Emily, looking forward to hearing all of your stories today. It’s always helpful to hear about times when someone’s had to take a risk – how did they think through the decision, why did they take the risk, and what ended up happening. We’d love to hear about a risk you’ve taken.
I believe that going to graduate school and deciding to become a therapist is one of the biggest risks I have taken in my life. Deciding to spend such a large amount of money on school studying for a career that I was unsure I would enjoy, or even be able to handle emotionally was something I worried about for a long time. Mental health has been relevant in my life for almost as long as I can remember. I saw my first therapist when I was 11 or 12 years old and I truly believe that was the first step of becoming a therapist myself, although of course I didn’t know that at the time. I struggled with depression and anxiety my entire adolescence and into young adulthood. Going to college was a huge deal, and I became the first person in my family to graduate with a Bachelor’s degree. During undergrad I spent a lot of time wondering what my next steps would be. When I started looking into graduate schools for mental health counseling I worried often, “how could I possibly help others when I’ve struggled so much myself?”, “How can I possibly hold other people’s stuff without taking that home with me?” The answers did not come until I was half way through graduate school starting my practicum and finally sitting in front of clients. It was then I began to realize that I was very much capable of helping others without losing myself. Since then, it’s been about 4 1/2 years and my confidence in my decision grows stronger every day. Helping others fuels me and gives me such strong purpose. The journey has not been easy and my career is not always easy, yet I absolutely believe this is where I am supposed to be. I am proud of myself for taking such a huge risk in my life and incredibly grateful to be where I’m at today.

Emily, before we move on to more of these sorts of questions, can you take some time to bring our readers up to speed on you and what you do?
I am a mental health therapist and I see mostly adults, sometimes adolescents. I see clients individually and also help co-facilitate an IOP (Intensive Outpatient Program) for people who need more than weekly outpatient therapy. The IOP is 10 hours of group therapy a week, with one hour of individual therapy as well. I mainly work with clients struggling with Depression, Anxiety, Bipolar Disorder, and Borderline Personality Disorder. The clients I see in my IOP program are in a season of their lives where they are very much struggling. Many are unable to work at the time, some come from an inpatient facility and some come to our IOP to hopefully prevent having to go to an inpatient facility.
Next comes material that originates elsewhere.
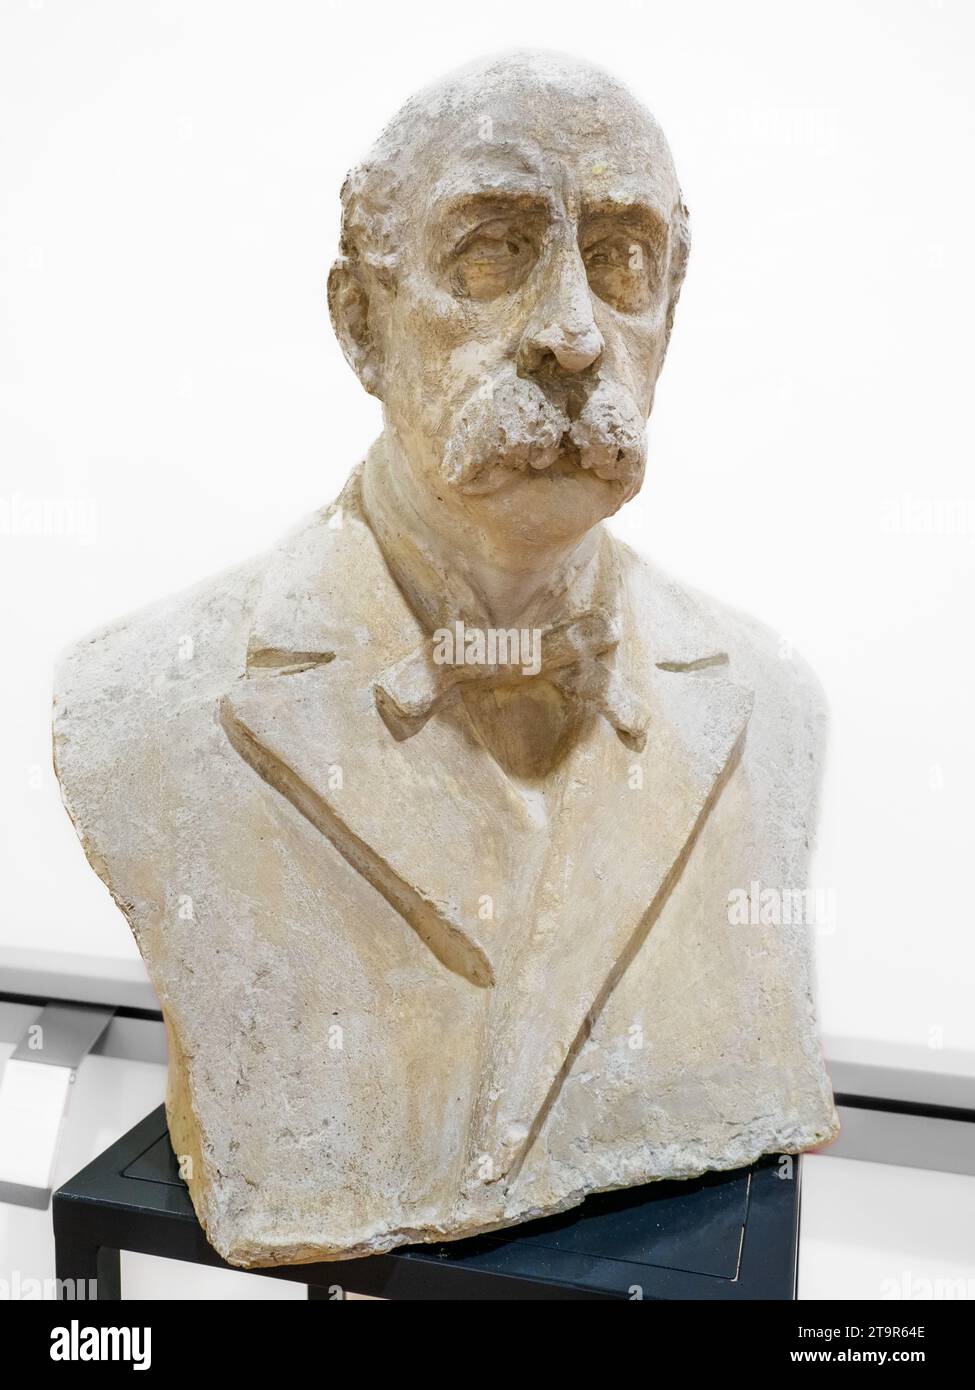 Buste de Francesco Crispi (1818 – 1901) était un patriote et homme d'État italien. Il fut l'un des principaux protagonistes du Risorgimento et l'un des architectes de l'unification italienne en 1860. Crispi a été Premier ministre de l'Italie pendant six ans, de 1887 à 1891, et de nouveau de 1893 à 1896 - Museo risorgimentale garibaldino Giacomo Giustolisi - Marsala, Sicile, Italie Banque D'Images

It is such an honor to spend so much time each week with my IOP clients and I learn so much from them. My number one goal for all of my clients is that they feel safe in the therapeutic setting, and then we can work on coping skills to help them feel better and function better. I am immensely proud of the group setting my co-facilitator and I have created and we often hear from our clients how supported they feel in the group. Our IOP is DBT (Dialectical Behavior Therapy) based and I consider myself a DBT therapist. In DBT we focus on the idea that two opposing things can be true at the same time, which I really appreciate. (Ex: I am exactly okay as I am in this moment AND I still want to continue to grow and improve in my life). I have seen how helpful DBT has been for others and I personally use the skills every day in my life.

If you could go back in time, do you think you would have chosen a different profession or specialty?
If I could go back, I would absolutely feel lucky and honored to end up in the same profession I am in now. I feel like the Universe absolutely placed me where I belong and I wouldn’t want to be anywhere else. My clients are incredible humans, I absolutely adore my boss and coworkers, and I feel fulfilled doing what I love. I wouldn’t want to be doing anything else.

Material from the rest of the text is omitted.